Clive Selley, chief executive of Openreach, said: ‘At Openreach, we’ll never be just a city fibre provider. We’ve always worked hard to improve connections to isolated, less commercially attractive communities through inventive engineering and effective funding partnership models.
‘In recent years we’ve been extending our full fibre network into rural areas — mostly in partnership with local authorities and government — but the economics are clearly challenging and we want to do more. We know that around ten per cent of the country will need to the support of public subsidy, but these trials will help us test a bunch of new techniques that could help us in other rural areas.

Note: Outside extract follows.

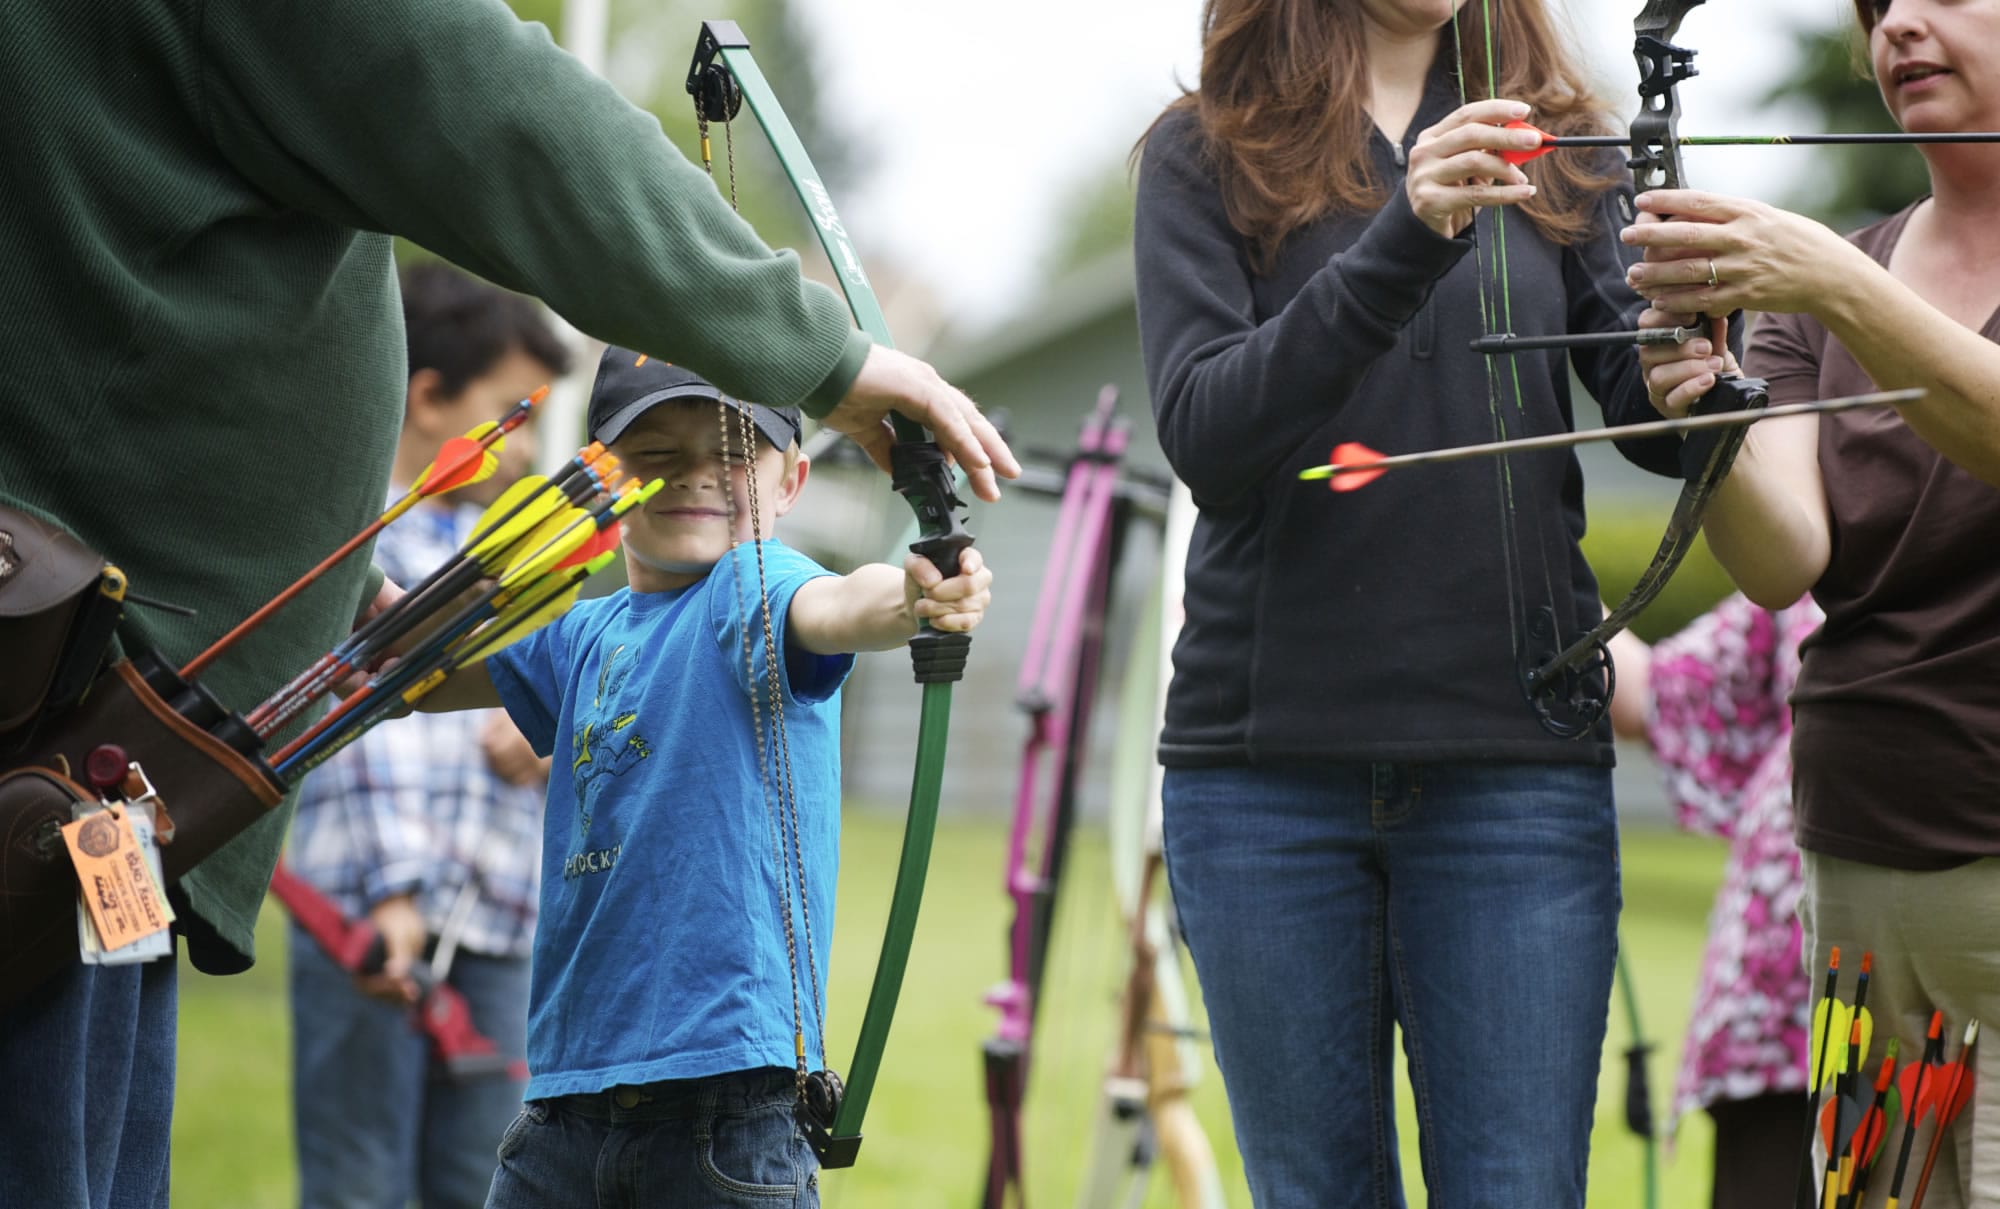 Tyler Miles, 5, from Vancouver, fires an arrow from a bow for the first time at the Get Outdoors Day event at the Fort Vancouver Visitors Center on June 9, 2012.

‘The trials will also give us a much clearer picture of what the technical challenges in these kinds of rural areas are. We hope they’ll go a long way towards developing the tools, skills and innovations required to make sure that nobody’s left behind in the full fibre future.’
According to recent government statistics around 11-million people in the UK, or approximately 17 per cent of the population, live in rural areas.
The rural pilot locations have been carefully chosen to be representative of a much wider number across the UK with various factors being considered, including size, location, the extent, quality and make-up of the existing network and access to newly-skilled engineers in the area.